アルベルト3世は王ではなく、臣下に下ったのだ。
「明日、戴冠式をやることは可能ですか?」
宰相が答える。
「可能でございます悠陛下」
「では、早急に準備をして、国の内外に王の交替を知らせてください」
悠は、神官達3人娘に告げる。
「フリージア教の法皇に就任します。その準備もしてください」
「わかったにゃ」
神官服に猫耳をつけたミールが答える。他の二人も猫耳やうさ耳をつけている・・・。
「ちょっと待って、何で猫語になっているんですか?」
「ご主人様がハーレムを作るなら、私達も猫耳ブルマやうさ耳メイドになるにゃ」
「そのことは、あとでゆっくり話し合いましょう」
会議の出席者達に悠は告げる。
「まず、戴冠式をやります。質素でもいい。国民に王の交替を知らせる必要があります」
出席者が頷いたので、悠は解散を命じる。
「世界の王になって、内政チートをやりますか、官僚として」
冗談めかして悠は呟いた。
午後は、悠は王宮の一室でこれからすべきことを考える。官僚時代に学んだことは、優先順位をつけなければ大量の作業を同時にこなすことは出来ないということである。
どうでもいい案件もあれば、重要案件もある。
まず、やるべきことを書き出していく。そして、その横に優先順位を書いていく。
日本語で書く。悠は、異世界の言語が理解できる。異世界チートの1つ言語理解である。ネットの自動翻訳のように、少しおかしな翻訳になるが、異世界語の読み書きは出来る。しかし、悠だけが見る書類は日本語で書いた。
日本語なら、転生者にしか読めないから機密文書は日本語で書けばよいのだ。
夕食は、アルベルト3世から家族と晩餐をと誘われたが、部屋に持ってきてもらった。
この国の王として最後の晩ぐらい、家族と水入らずで過ごして欲しかった。
異世界の食事は、意外と美味しかった。丸焼きの七面鳥、ローストビーフ、チーズもある。パンも柔らかい白パンが出た。
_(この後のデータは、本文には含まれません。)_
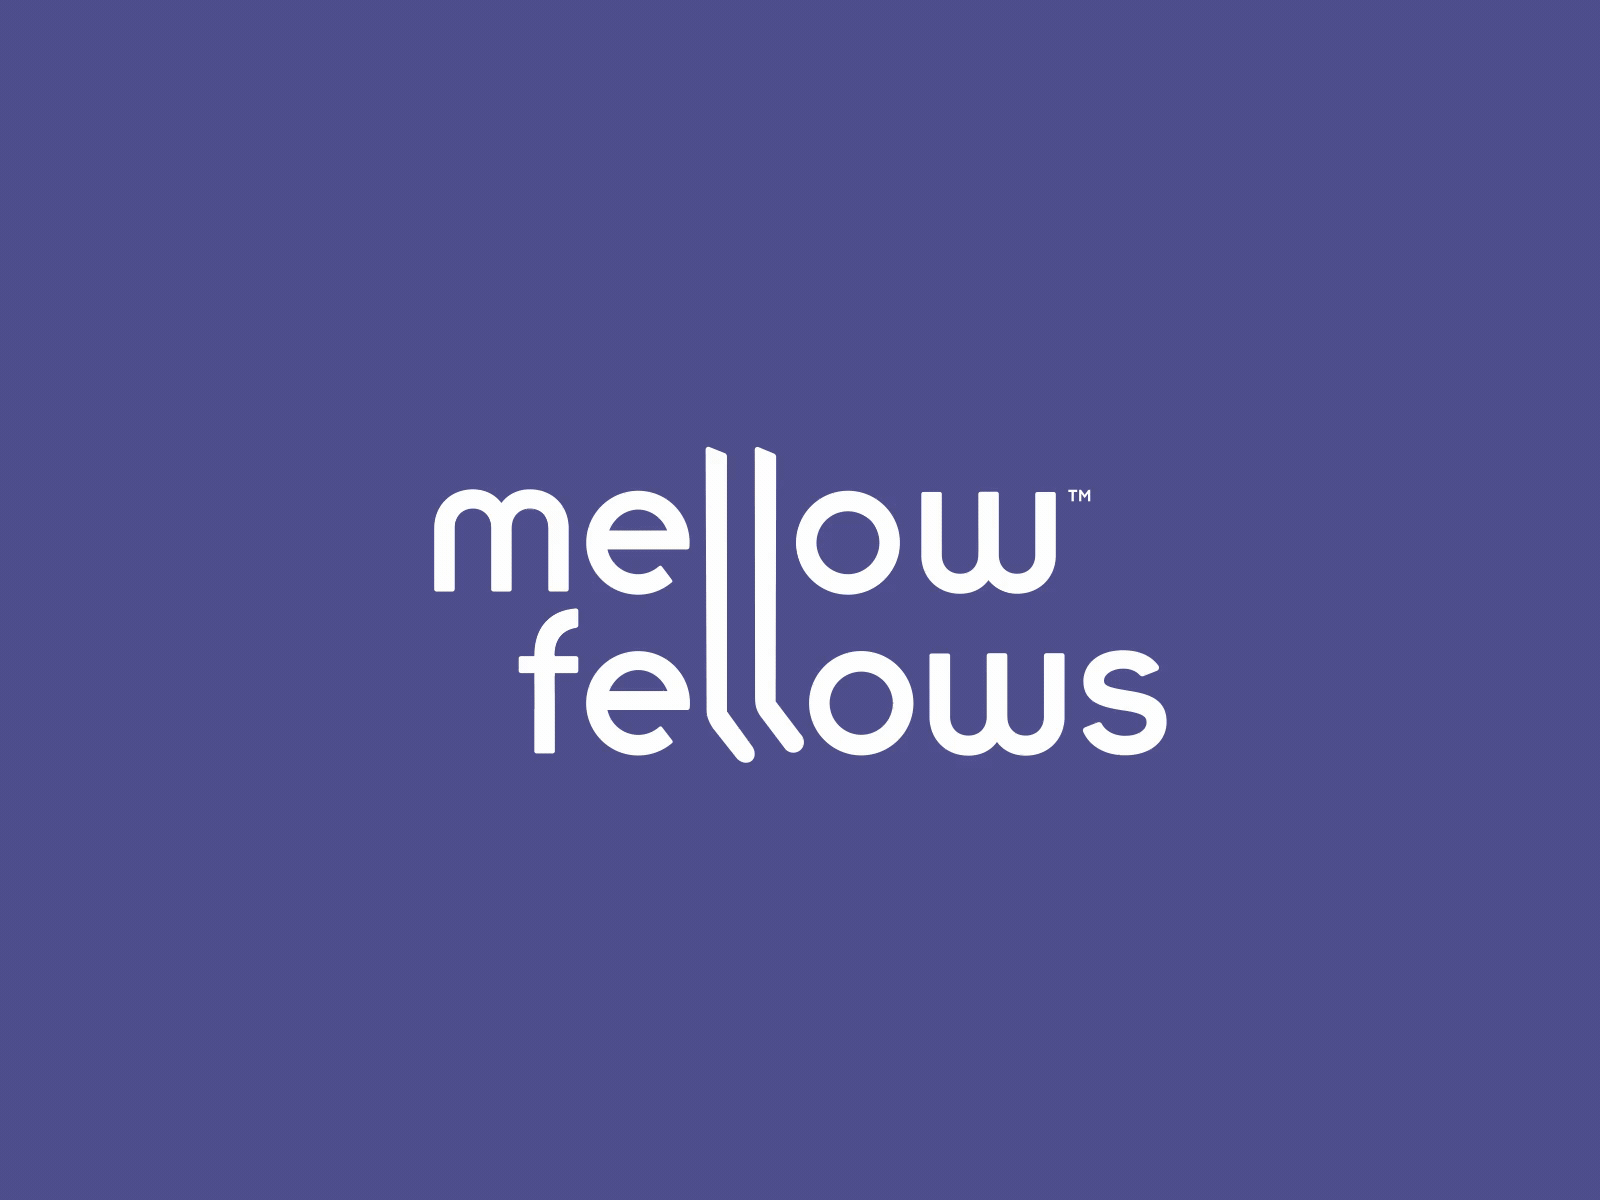 Mellow Fellows - Logo Animation animated logo animation brand animation branding logo logo animation mellow motion graphics run running cycle socks

地球では、中華料理がアラブに伝わり、それがイタリアのコース料理になって、フランスのコース料理になったと言われている。この王宮では、塩漬けの肉や具のないスープが出てくることはない。食生活はかなり充実しているといっても良い。
寝室に戻ると、猫耳ブルマとウサギ耳メイドが出迎えてくれた。ロリ神官達は神殿に戻って悠の法皇就任の準備をしてくれている。
猫耳ブルマも、可愛いのだろうが金髪碧眼の猫耳ブルマはコスプレ感がある。考えた転生者は、似合うと思ったのだろうか?
「お帰りにゃん、ご主人様」
そのうち、慣れてきて違和感がなくなってきたら怖いなと思いながら、宰相から借りた服を脱ぐと、1人でお風呂に入って、ベッドに横になる。こうして異世界2日目は終わった。